Create DHCP reservations (Option 1)

Option 1 should be used if access to the appropriate DHCP server for the baremetal network is accessible or a request to your network admin to create the DHCP reserverations is an option. If not an option, skip this section and move to section Create DHCP reserverations using dnsmasq (Option 2).

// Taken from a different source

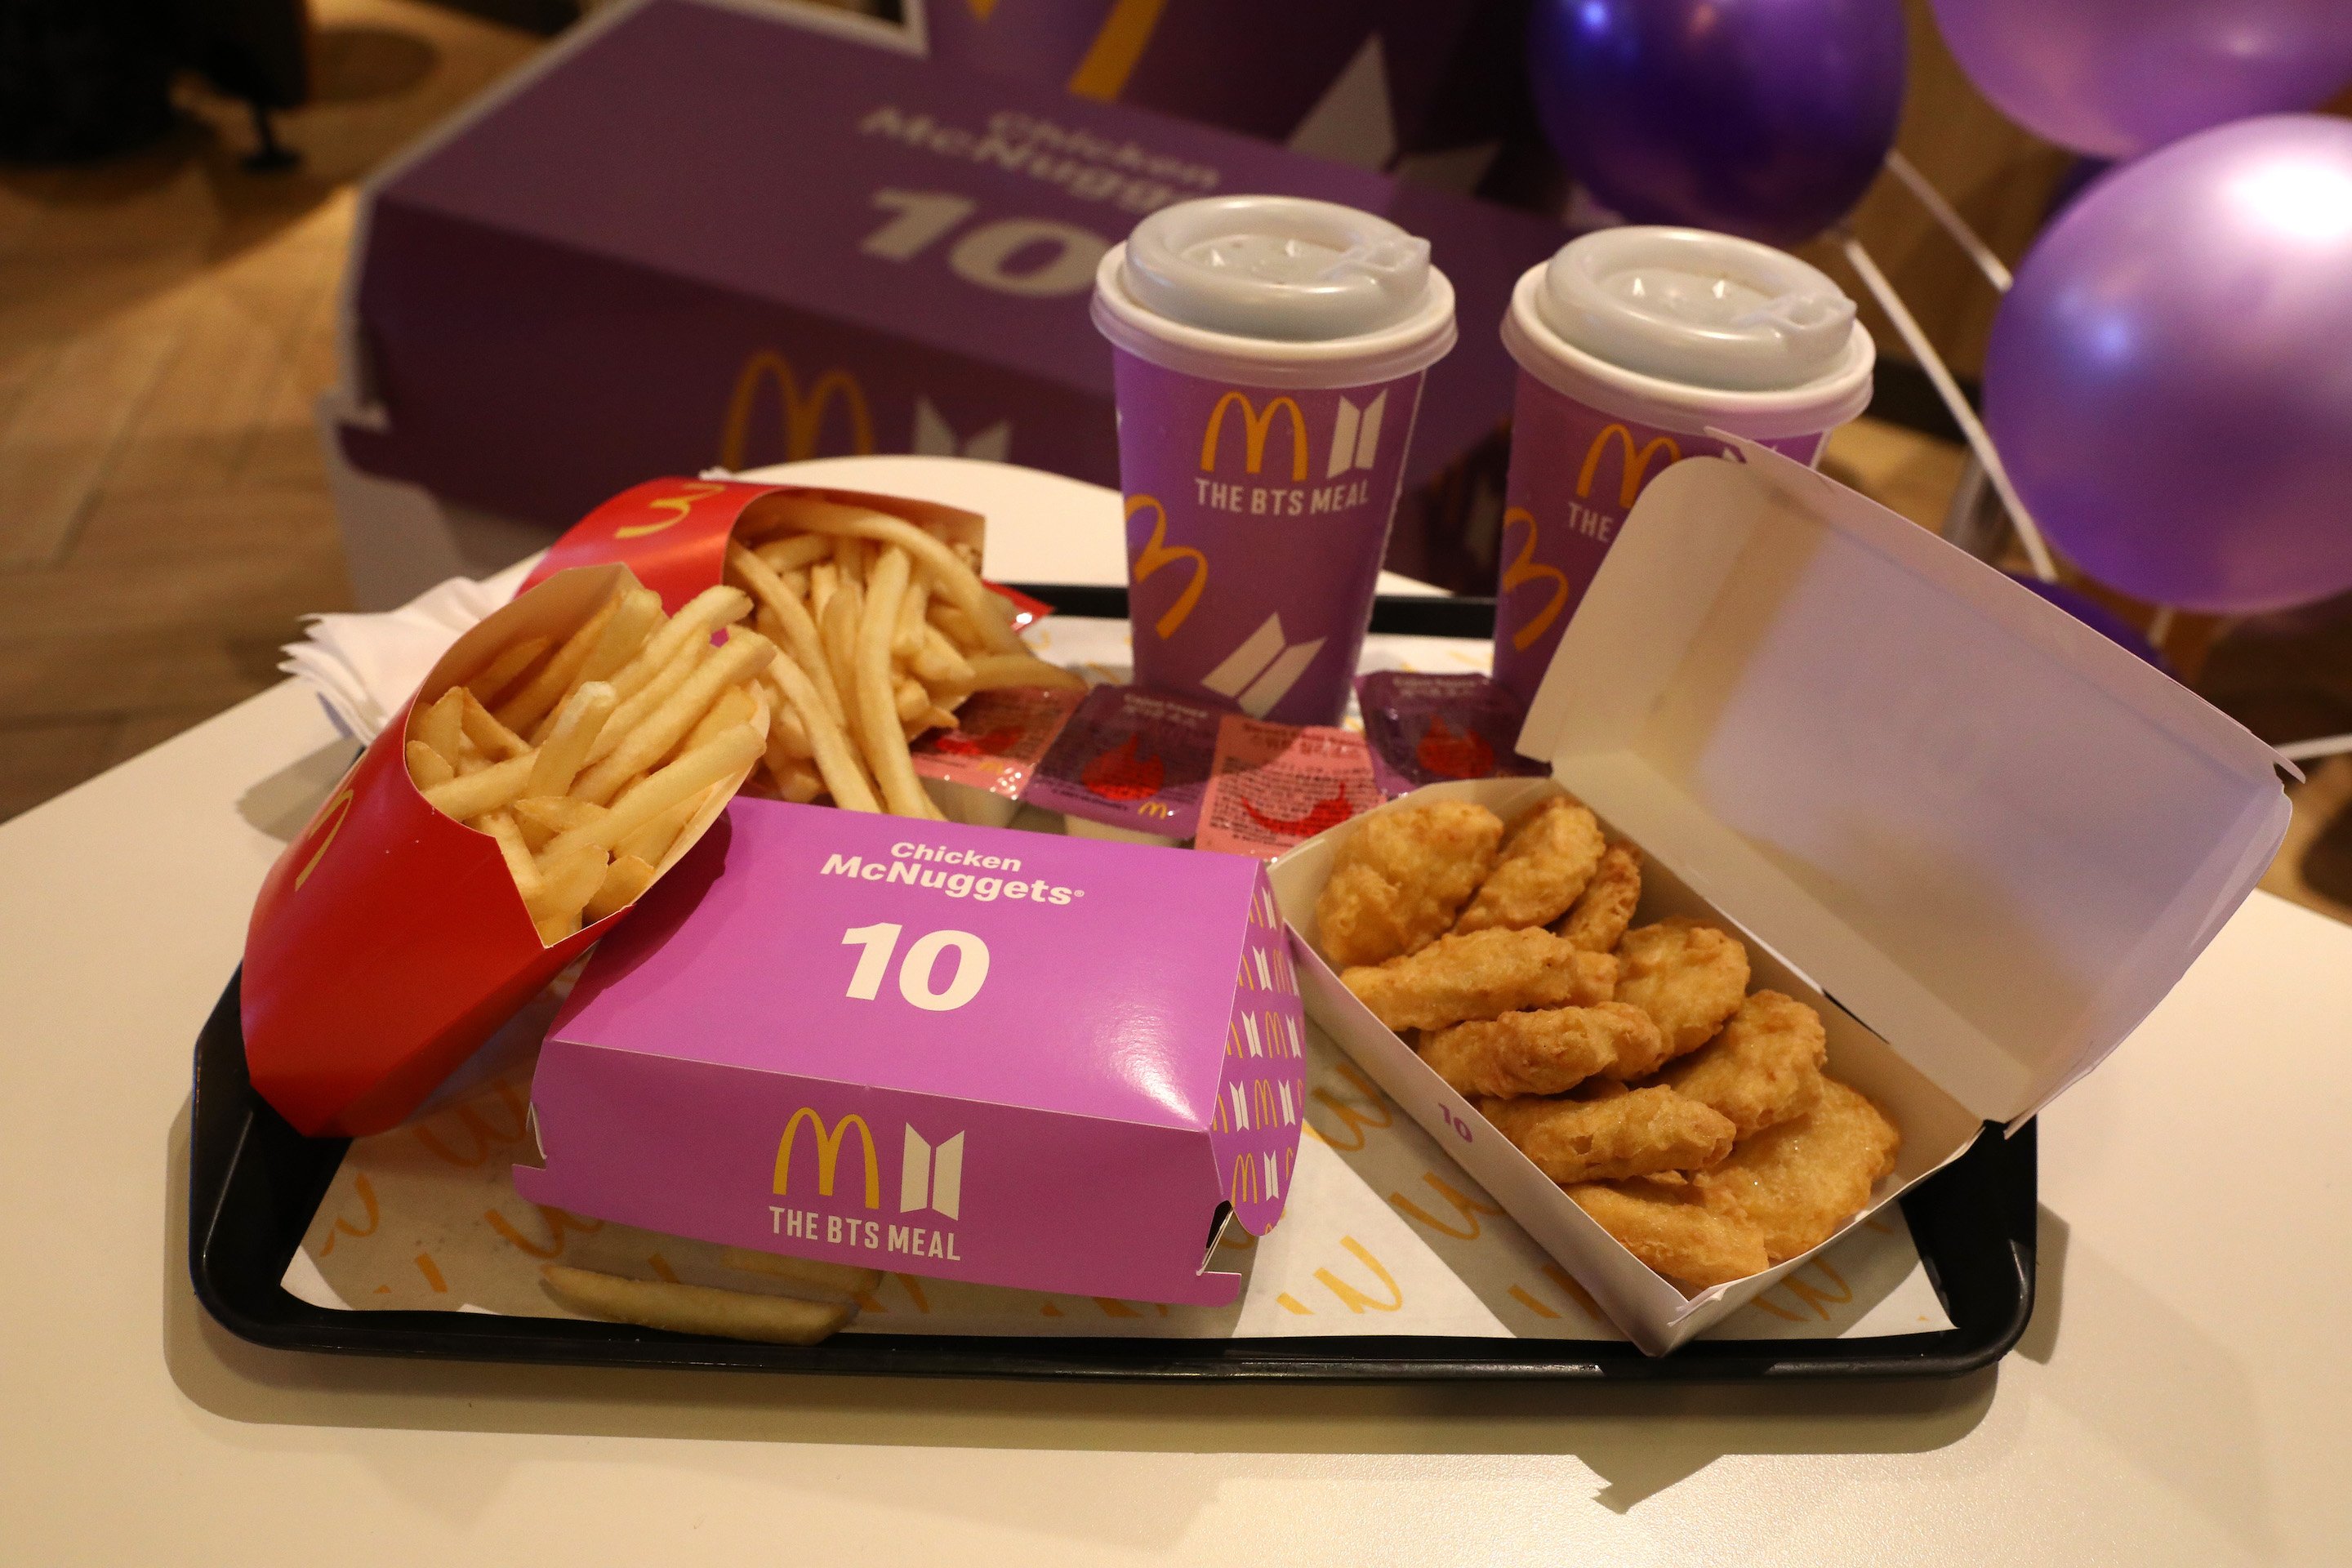 McDonald's BTS meal in Seoul, South Korea
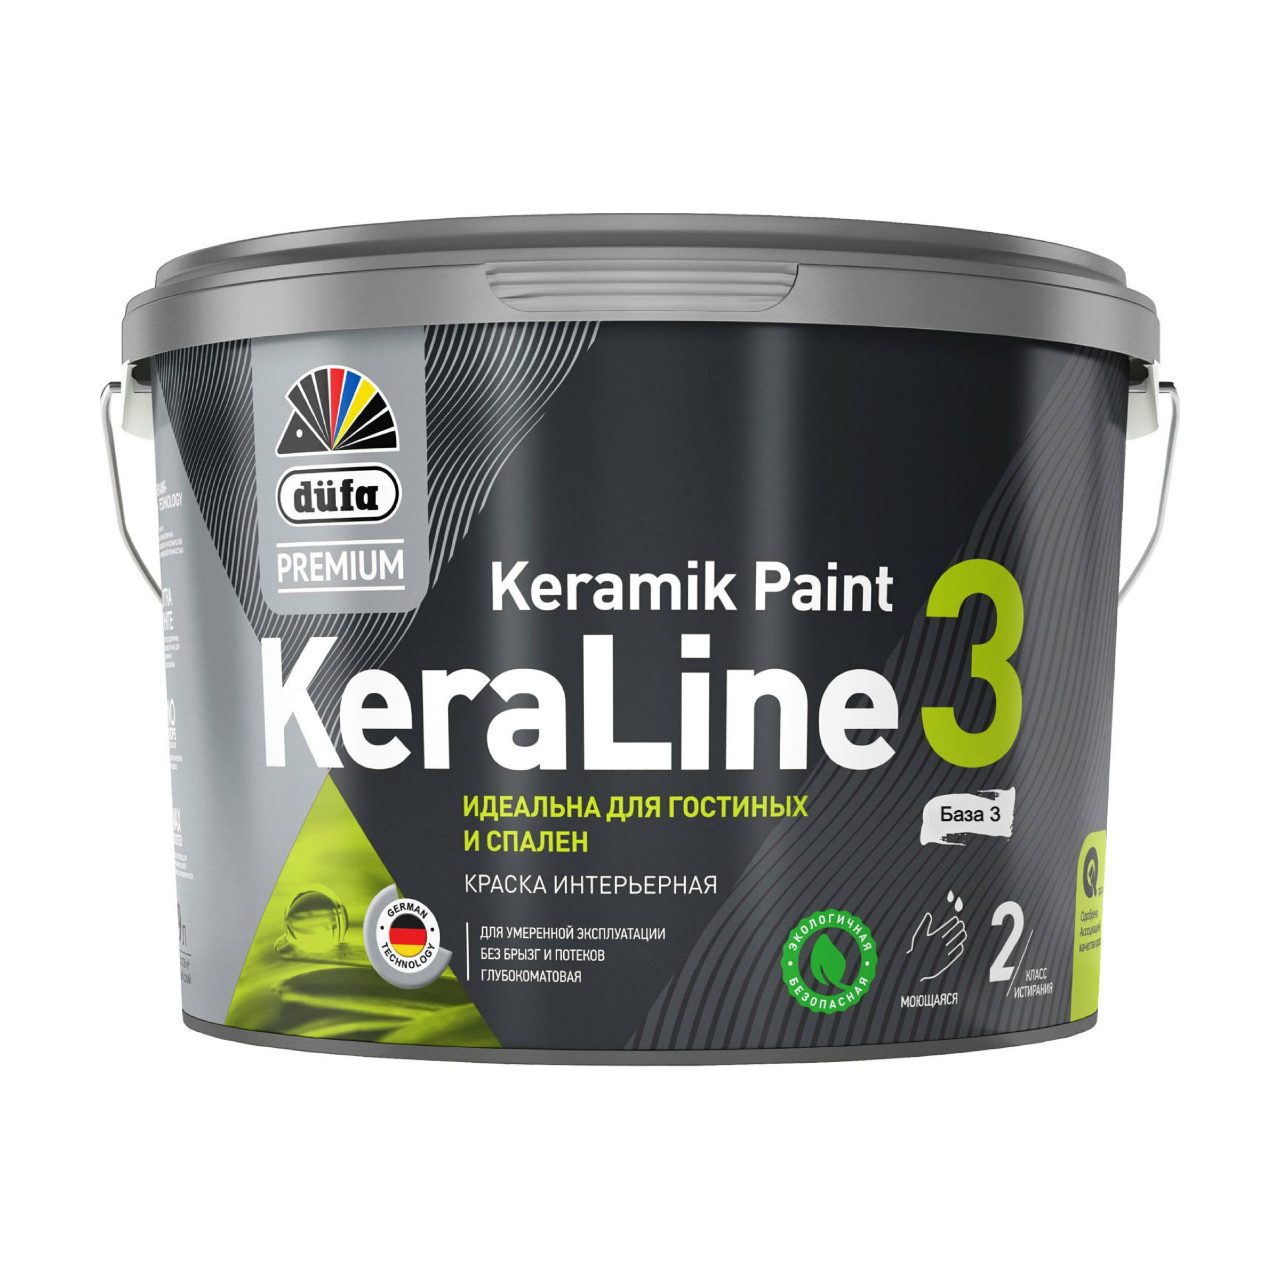 90190610 Краска для стен и потолков Premium KeraLine Keramik Paint 3 глубокоматовая белая база 1 9 л STLM-0126761 DUFA

  1. Login to the DHCP server via ssh

  2. Edit /etc/dhcp/dhcpd.hosts

    host provisioner {
         option host-name "provisioner";
         hardware ethernet <mac-address-of-NIC2>;
         option domain-search "openshift.example.com";
         fixed-address <ip-address-of-NIC2>;
      }
    host openshift-master-0 {
         option host-name "master-0";
         hardware ethernet <mac-address-of-NIC2>;
         option domain-search "openshift.example.com";
         fixed-address <ip-address-of-NIC2>;
      }
    
    host openshift-master-1 {
         option host-name "master-1";
         hardware ethernet <mac-address-of-NIC2>;
         option domain-search "openshift.example.com";
         fixed-address <ip-address-of-NIC2>;
      }
    
    host openshift-master-2 {
         option host-name "master-2";
         hardware ethernet <mac-address-of-NIC2>;
         option domain-search "openshift.example.com";
         fixed-address <ip-address-of-NIC2>;
      }
    host openshift-worker-0 {
         option host-name "worker-0";
         hardware ethernet <mac-address-of-NIC2>;
         option domain-search "openshift.example.com";
         fixed-address <ip-address-of-NIC2>;
      }
    host openshift-worker-1 {
         option host-name "worker-1";
         hardware ethernet <mac-address-of-NIC2>;
         option domain-search "openshift.example.com";
         fixed-address <ip-address-of-NIC2>;
      }
    
  3. Restart dhcpd service:

    systemctl restart dhcpd
    

Create DHCP reservations using dnsmasq (Option 2)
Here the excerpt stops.